The conventional treatment for HIV disease in the industrialized countries is antiretroviral therapy (ART), using combinations of nucleoside analogs, non-nucleoside reverse transcriptase inhibitors and protease inhibitors. Recently, a particular version of ART, Highly Active Antiretroviral Therapy (HAART), has become the standard of care for HIV disease 30. HAART requires that high doses of antiretrovirals, including a protease inhibitor, be taken in accordance with a rigorous medication schedule.

The introduction of HAART has resulted in a dramatic improvement in the longevity and quality of life for hundreds of thousands of HIV patients, almost all of whom live in the industrialized world and are in a position to receive those treatments. But as is well established in the literature, these treatments come with severe limitations:
  • Some patients receive no benefits from HAART.

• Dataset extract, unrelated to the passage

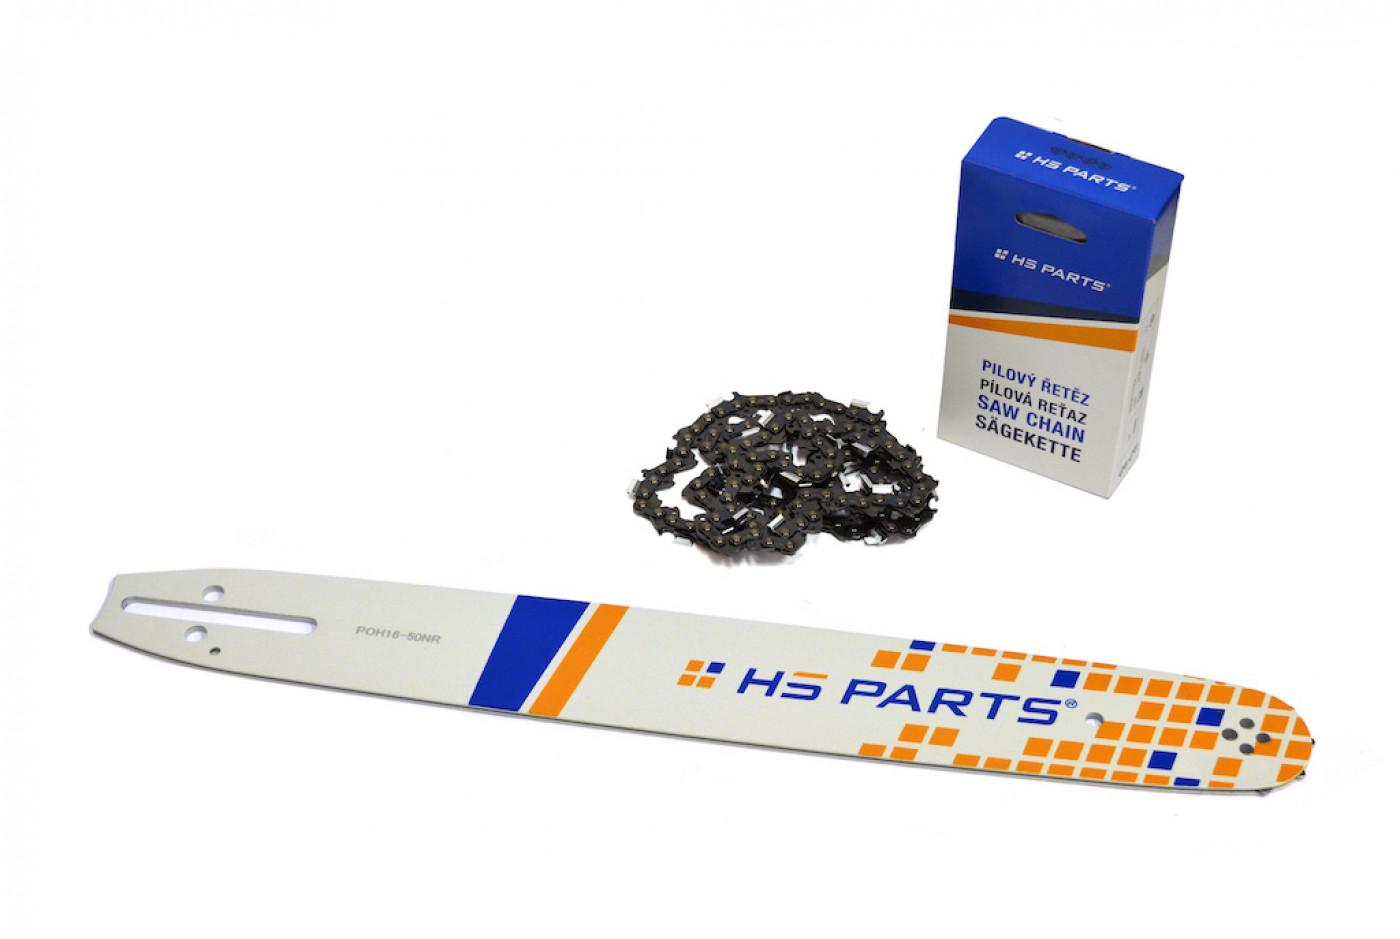 Lišta 40cm +2x řetez 56 čl. 3/8 1,3mm + řetězka Partner 350 351 370 390 420

  • Some have such severe side effects that they cannot continue HAART.
  • Many patients find the medication schedule so demanding that they do not comply with it, with the usual result that HIV mutates to resistant forms not affected by HAART.
  • The result is that, all told, it is estimated that about one third of those who have access to HAART do not or cannot use this treatment.
  • The cost of the drugs alone for HAART is on the order of $15,000 per year.
  • For over 95% of people infected with HIV worldwide, neither they nor their governments can afford HAART.